# 7/30 simplified

#### Understand the Problem

The question is asking to simplify the fraction 7/30. The approach involves finding the greatest common divisor (GCD) of the numerator and denominator and dividing both by that number.

The simplified fraction is $\frac{7}{30}$.

The simplified fraction is $\frac{7}{30}$.

#### Steps to Solve

1. Identify the GCD of 7 and 30

To simplify the fraction, we first find the greatest common divisor (GCD) of the numerator (7) and the denominator (30).

The prime factorization of 7 is just 7 (since it's a prime number), and the prime factorization of 30 is $2 \times 3 \times 5$.

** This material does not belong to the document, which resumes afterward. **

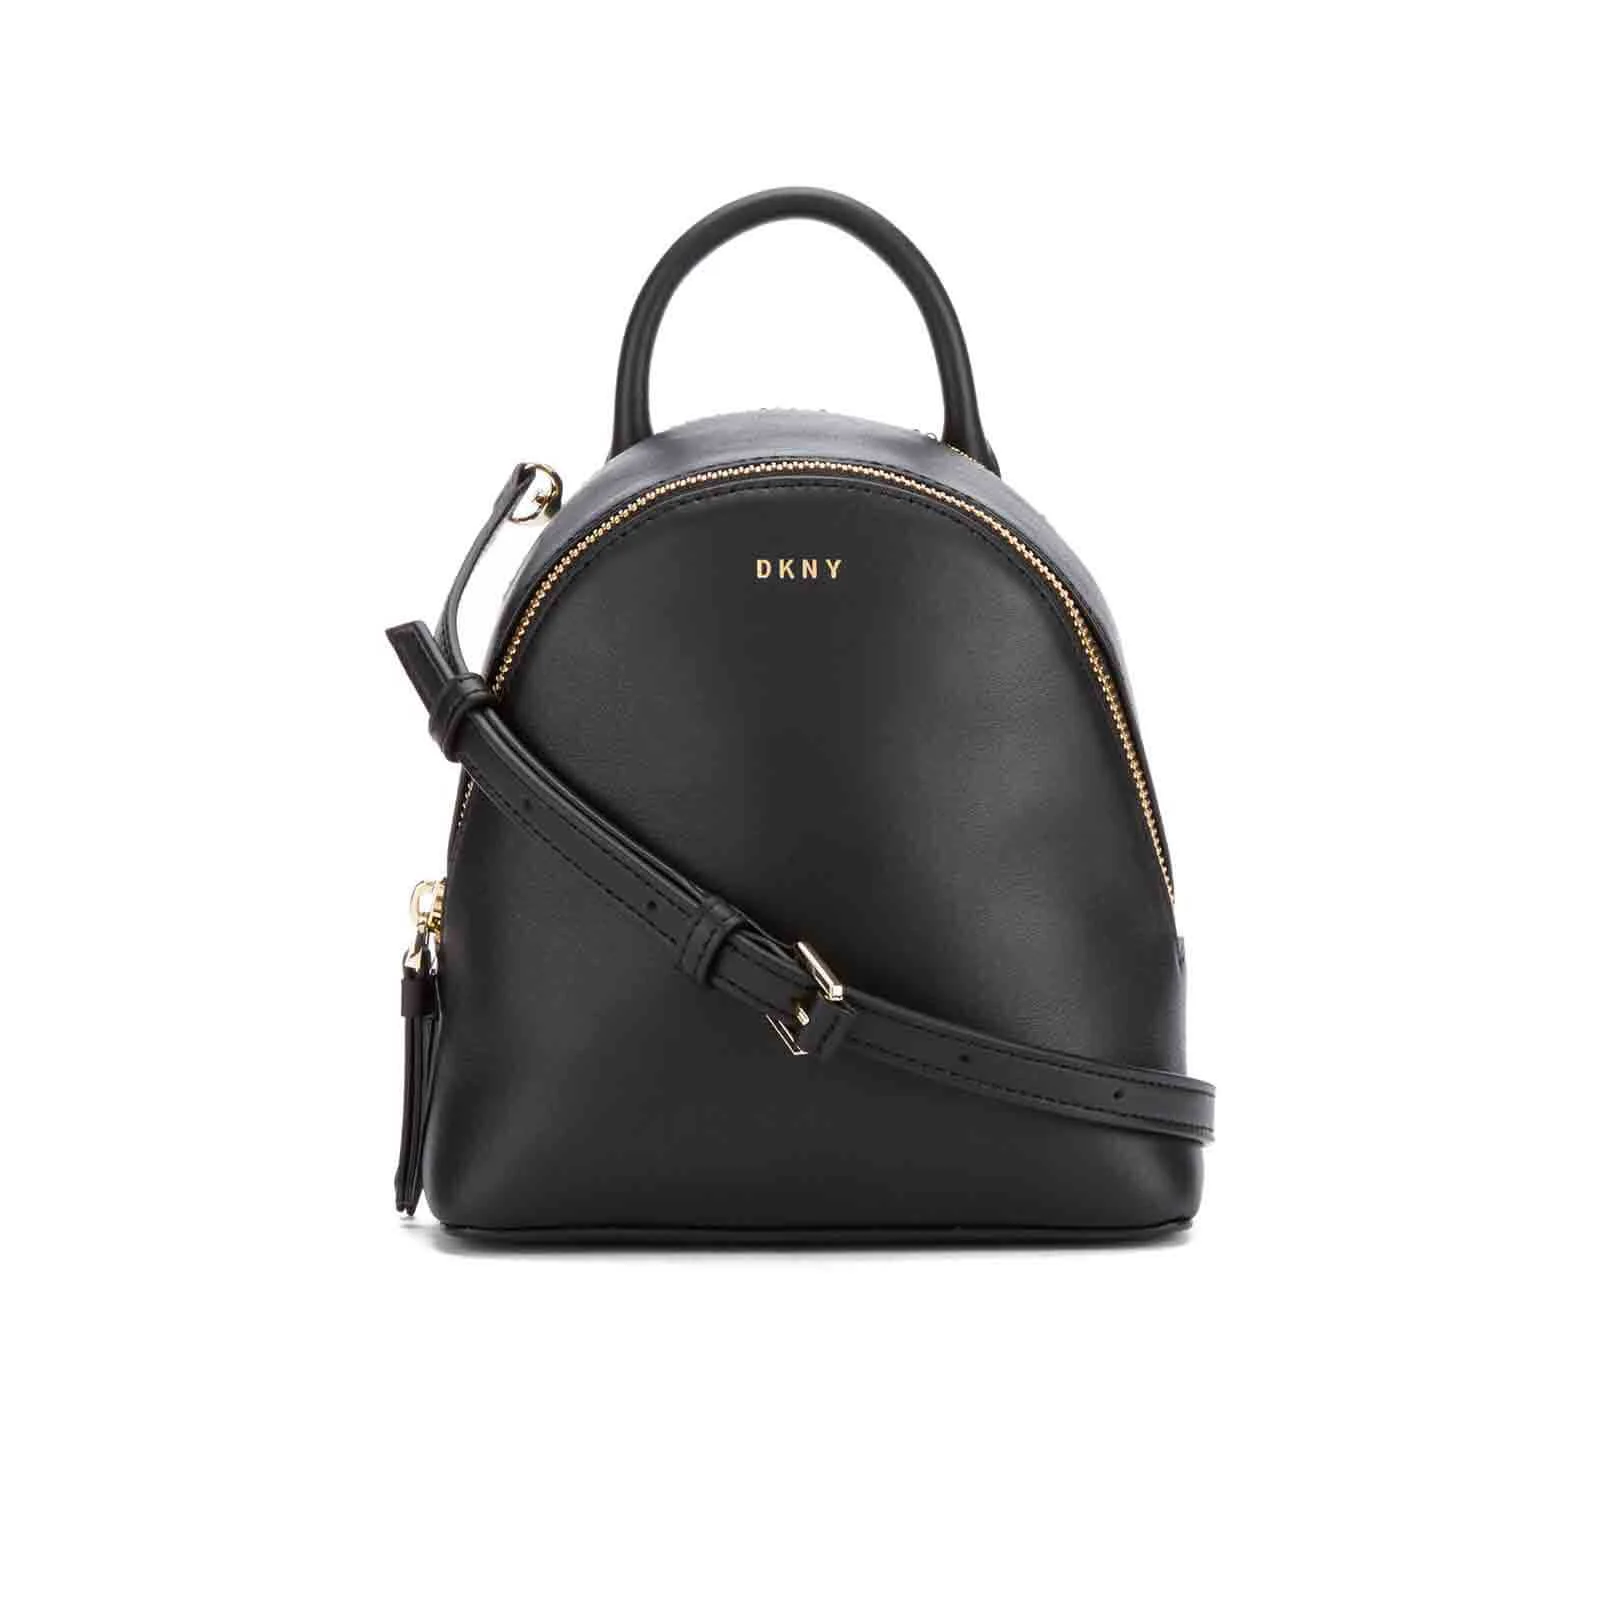 DKNY Women's Greenwich Mini Backpack - Black Image 1

Since there are no common factors, the GCD of 7 and 30 is 1.

1. Divide by the GCD

Next, we simplify the fraction by dividing both the numerator and the denominator by the GCD.

[ \frac{7}{30} = \frac{7 \div 1}{30 \div 1} = \frac{7}{30} ]

1. State the simplified fraction

Since the GCD is 1, the fraction is already in its simplest form.

Thus, the simplified fraction remains:

[ \frac{7}{30} ]

The simplified fraction is $\frac{7}{30}$.

The fraction $\frac{7}{30}$ is in its simplest form as 7 and 30 have no common factors other than 1. This means that it cannot be simplified further.